Testifying can be difficult for adults, let alone children. Indeed concerns have been raised in New Zealand about the treatment of child witnesses since at least the 1960s.

The purpose of this study is to see how far we have come today in addressing the concerns since then, and the extent to which measures adopted to ameliorate conditions for children—while protecting accused adults—have achieved their aims.

The study focuses on children aged 17 years and under who have given evidence as witnesses for the prosecution in criminal proceedings, whether as complainants or witnesses. Data was collected throughout 2008 and 2009 on children involved in trials set down for the District Courts at Auckland, Manukau, Wellington and Christchurch and in the High Courts at Auckland, Wellington and Christchurch.
The report has found inconsistent implementation of  existing law and policy in relation to children and some regional variation in practices. It also identifies alternative processes that work well in other jurisdictions for facilitating children's participation in criminal proceedings which could be adapted to the New Zealand context and recommends systematic monitoring of the status of child witnesses in the system which will enable effective ongoing evaluation of any improved or new measures.

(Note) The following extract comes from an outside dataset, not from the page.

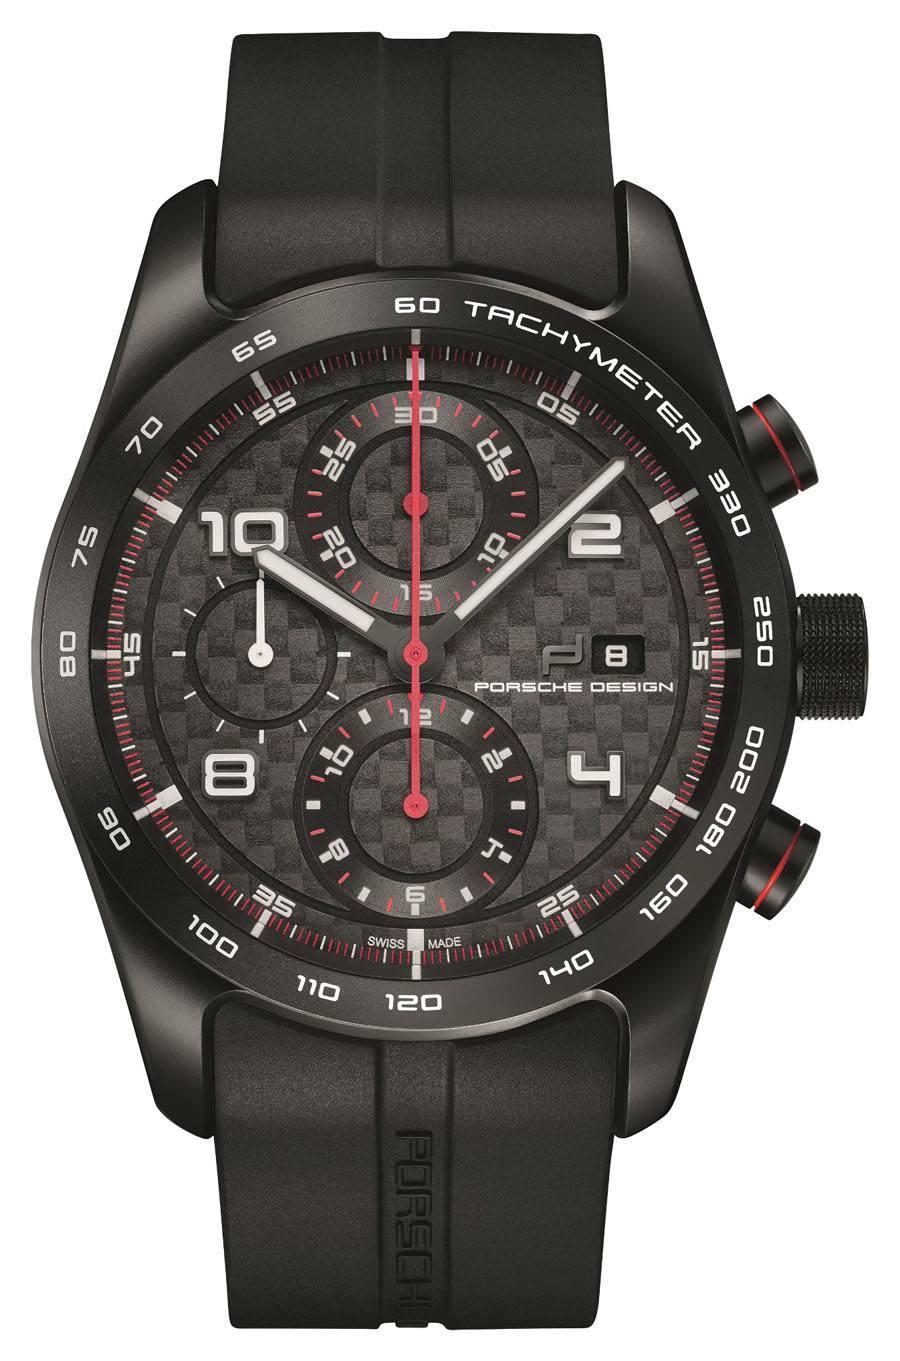 Porsche Design: Chronotimer Series 1

The research was an independent, non-commissioned report funded by the New Zealand Law Foundation with further contributions from the Ministry of Social Development, Ministry of Justice and the New Zealand Police.

The report prepared by the Institute of Public Policy, was outlined by co-authors Dr Kirsten Hanna (Principal Researcher, Senior Research Officer IPP), Dr Emma Davies (Programme Director Social Development, IPP) and Dr Emily Henderson at symposium held as part of the LexisNexis Child Law Conference in Auckland on 22 April 2010. The Children's Commissioner Dr John Angus officially launched the report at 5.30pm.